· Tools of the trade
o A comfortable chair that supports your back or preferably,
o A comfortable cushion under your buttocks that lifts your seat and helps stabilize your posture in an upright position.
o A simple kitchen timer.
o A clean, quiet and pleasant place in your home.
o Altar accouterments can include a candle, an image, a small Buddha statue - anything that might help you feel “in the presence of”.
· Posture suggestions
o It takes some time to strengthen the stomach and lower back muscles that aid in maintaining a comfortable seated posture.
o You can use a deep inhalation to naturally lengthen the spine, soften the belly and open the chest, but it is not necessary to strain to maintain any posture.
o Empty-hands (a conscious softening of the hands and fingers) helps to bring relaxation to the arms and shoulders, which may permeate other parts of the body.
o A soft belly and relaxed jaw are good places to remember (be aware of) in order to gauge any subtle tension that may be held habitually.
o We cannot force deep relaxation, but we can listen for it and be available to it, welcoming the natural waves of softening and vulnerability that precede interludes of absorption.
· The Process
o We are engaging in a challenging and formidable relationship with restlessness and diversion. We may be struggling with question(s) of why meditation is worth practicing despite the internal call we may have to explore these inner landscapes.
o We use the timer to keep track of the time so we are not looking at a watch to see how long it's been; set the timer for what practice period you are comfortable with to begin your journey. Settle into your self and let the timer remind you when your sitting period has ended.
o Practicing at the same time of day (rhythm) is helpful, so if you are wishing to practice in the morning, make it each morning. Shorter duration sits at least twice a day is beneficial.
o The length of your practice time will increase naturally as quietude replaces apprehension. You will find that your interest in being still and silent improves as your body and mind integrate deepening relaxation.
o When this happens (and it surely will), you may increase the duration on your timer by 5 – 10 minutes, or whatever modest increments satisfy you.
o The silly stories about “great” yogis meditating for hours at a time are useless for the beginner. These long periods of “Samadhi” (absorption) occur, but they are not the goal for our simple practice.
o Without much effort (if there is some routine and regular practice) you will find that the quality of your sitting practice naturally deepens and that the joy which emanates from your stillness holds your attention and interest.
o Of course there are many nuances, levels, and subtleties associated with the labyrinth of our minds and personal experience. Being able to comprehend and articulate these encounters is improved by practicing with others and sharing the journey with those who have first hand experience with contemplative and complementary practice experience.
· What to Do
o Your thinking, planning and judging mind is useless when it comes to understanding silence, so you may put it away. Contemplative understanding unfolds and speaks in silence.
o Understand that the content of thinking and the sense of a separate self (that emanates from thinking) is a total hallucination – which doesn’t require your attention. We are learning to feel ourselves immersed in presence, rather than be occupied by imagination and personal story telling.

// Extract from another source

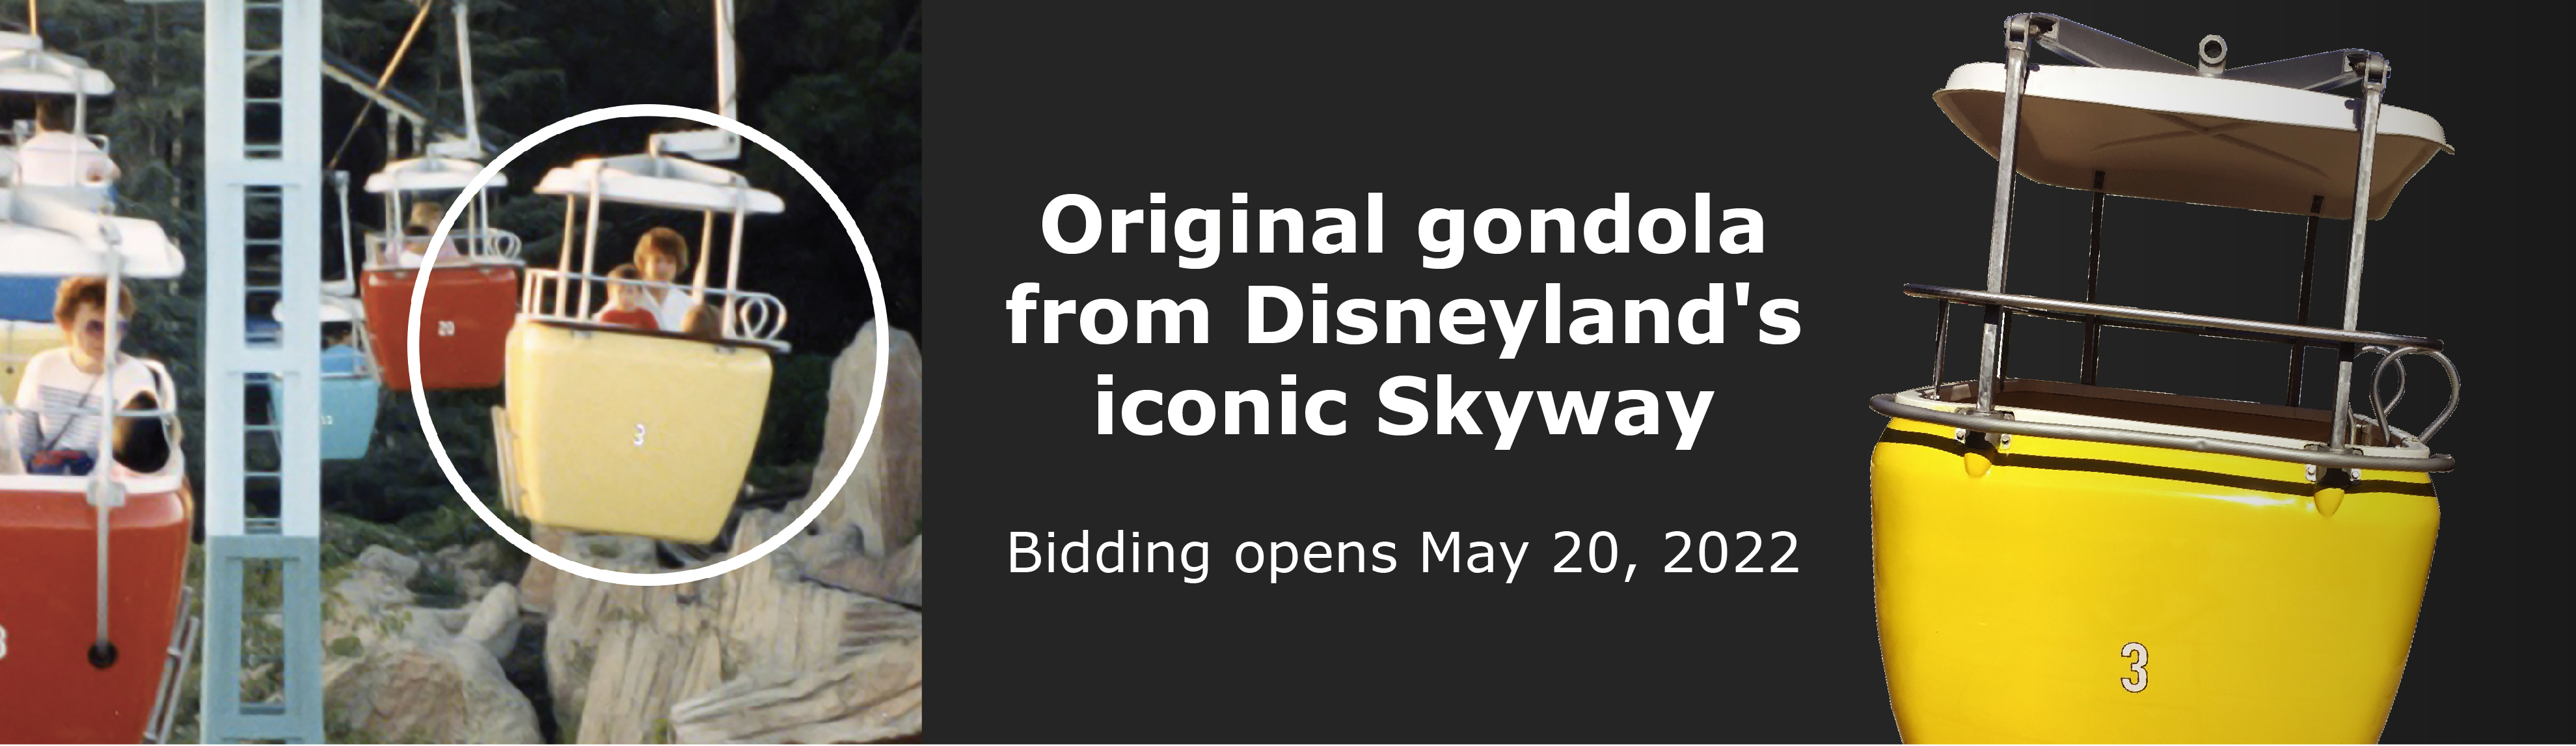 Original gondola from Disneyland's iconic Skyway. Bidding opens May 20, 2022!

o Leave the mind alone, it is not real.
o For the time that you have agreed to practice, be still, be silent, listen to the whole song of creation/existence rather than focus on your private and imaginary predicament(s).
o Do nothing, in a sense all that is necessary is to explore (with friendly curiosity) the temptations to be elsewhere and other than now. Though it sounds paradoxical, continue to do nothing.
o It can be useful (according to the formal teachings) to bring your attention to the rhythm of your breath and the physical movement of air into and out of the nostrils. This is a tool to assist you in improving the sustainability of your concentration and attention. Additionally, sooner than later, full spectrum (body, mind, spirit) presence will also arise within you making it unnecessary to focus on the breath exclusively.
o In time, the habit of escapism and obsessive justification will melt into a pleasant acquiescence affirming that Now is more nourishing than elsewhere. This is the entry point to arriving, to fulfillment.
· The Simple View
o The simple goal of meditation practice is to arrive.
o By arriving we mean that the habit of thinking and living in the perpetual day dream of elsewhere (not here, not now) ceases.
o When the energy (cellular caloric combustion) that is wasted on day dream becomes available for presence (or arriving), we find ourselves in a very different relationship with living.
o It is this hint of spaciousness and invitation to awaken that ultimately draws our attention inward to be still and silent and nourished by the unfathomable source of consciousness.
o What we find ourselves falling in love with, is ourselves, in the riveting presence of awake.